# HID Controllers



## Edrick (Jun 6, 2010)

I'd like to learn more about access control systems. I've been looking at HID, do they make the controllers or just the card readers and cards?

Would I use a MAXIS Access System with HID readers?

Who make the actual controller systems that the door plates connect in to?

My local alarm supplier says they sell door strike plates for 40$. 

So let's say I wanted to do a test setup to learn more could I just get some HID Readers and Cards then an Maxis Access Controller (price??) then some strike plates for the door?

---

Edit: looks like the maxis controller uses the HID readers.
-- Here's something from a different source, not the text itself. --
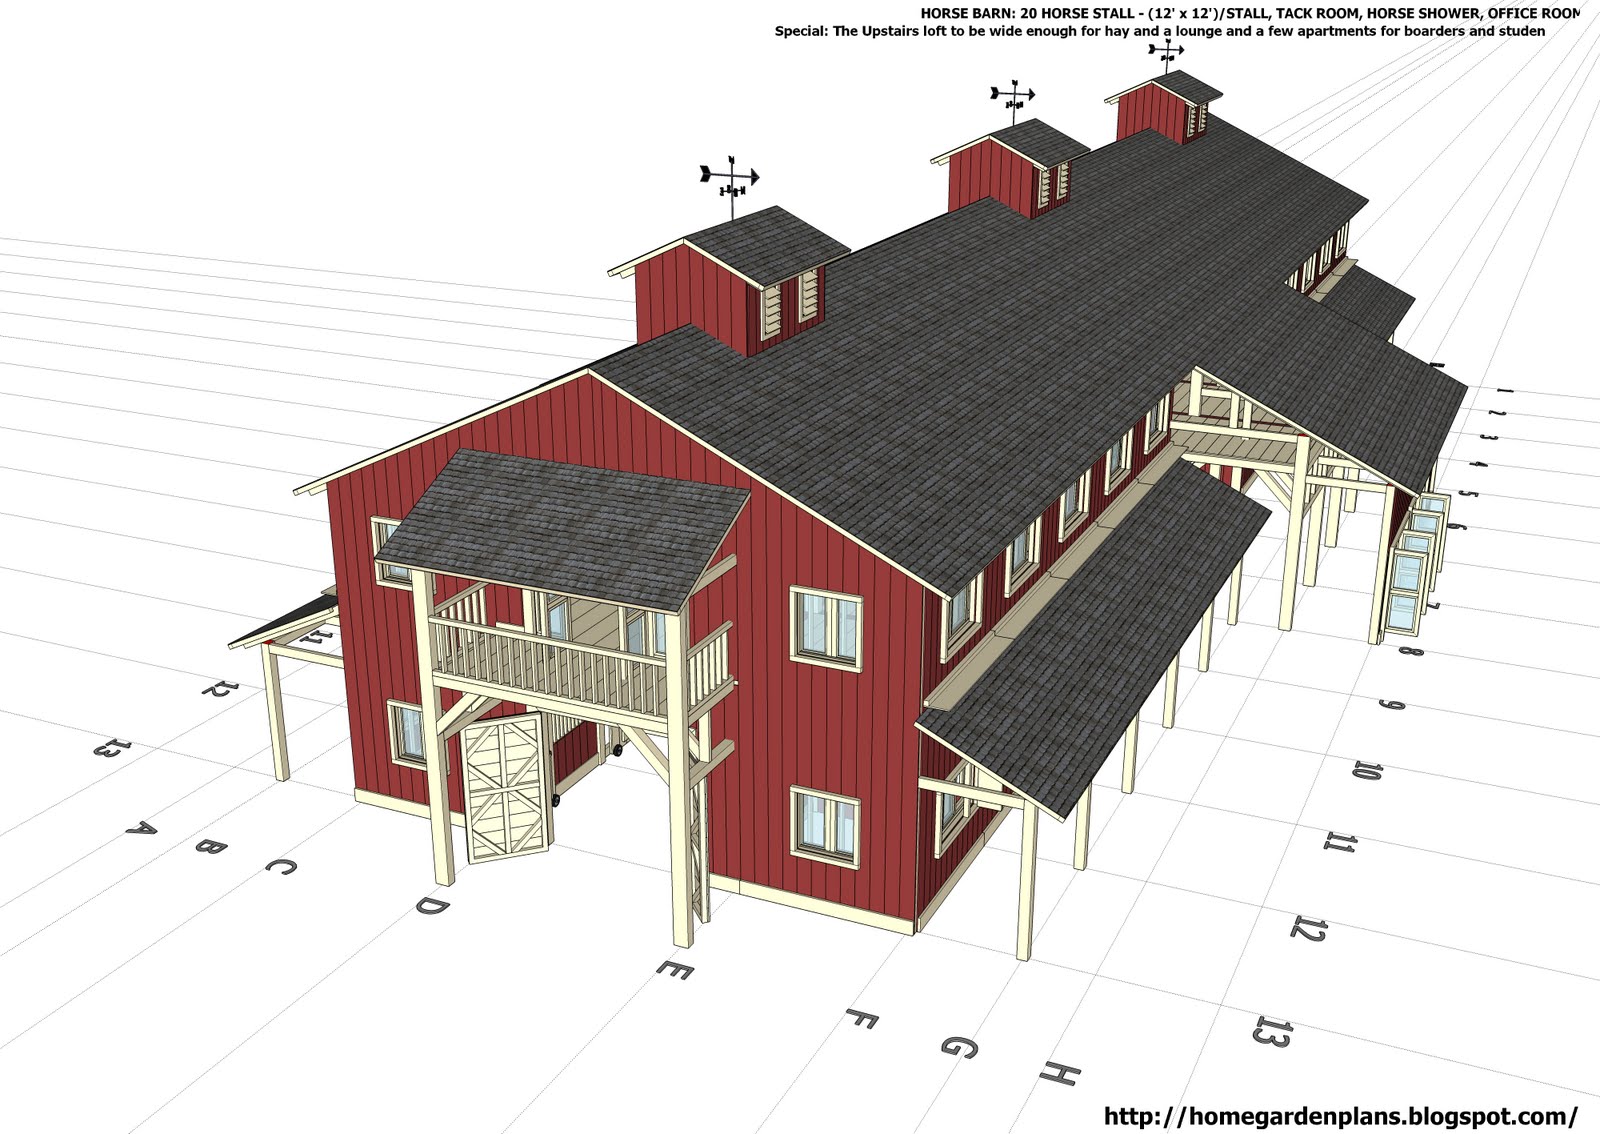  Stall Horse Barn Plans - Large Horse Barn Plans - How To Build A Horse

So question one still stands does HID make any controllers them selves? 

Next would be who do you think makes good controllers? 

Anyone got any used or left over parts (cards readers plates controllers).


----------



## Sawdust454 (Sep 26, 2008)

I install Honeywell Access controllers. I have not tried Maxis, but one thing to consider is,
Here in VA, you have to be licensed by the Deptartment of Criminal Justice Services before you can legally install access control systems. That will cost you about $1200.00. I would assume it would be the same for you as well.


----------



## Edrick (Jun 6, 2010)

Sawdust454 said:


> I install Honeywell Access controllers. I have not tried Maxis, but one thing to consider is,
> Here in VA, you have to be licensed by the Deptartment of Criminal Justice Services before you can legally install access control systems. That will cost you about $1200.00. I would assume it would be the same for you as well.


Here you need to be licenses for security / alarm work. I'm not doing any installs for customers on this. Just working on learning more.


----------



## zwodubber (Feb 24, 2011)

We will run the wiring for alarm/fire alarm systems but will not take on any system or monitoring. It's too much of a liability and not worth the risk.


----------



## jkwallz (Jul 24, 2010)

I know this thread is a few months old but anyway, you can run hid readers with any panel , it gets a little involved when it it comes to using the proper cards with particular readers, just make sure you use a weigand reader and weigand cards get 26 bit cards pretty standard. As far as panels go I recommend DSX,made in the USA (Dallas TX) and very user friendly in my opinion.Good luck!


----------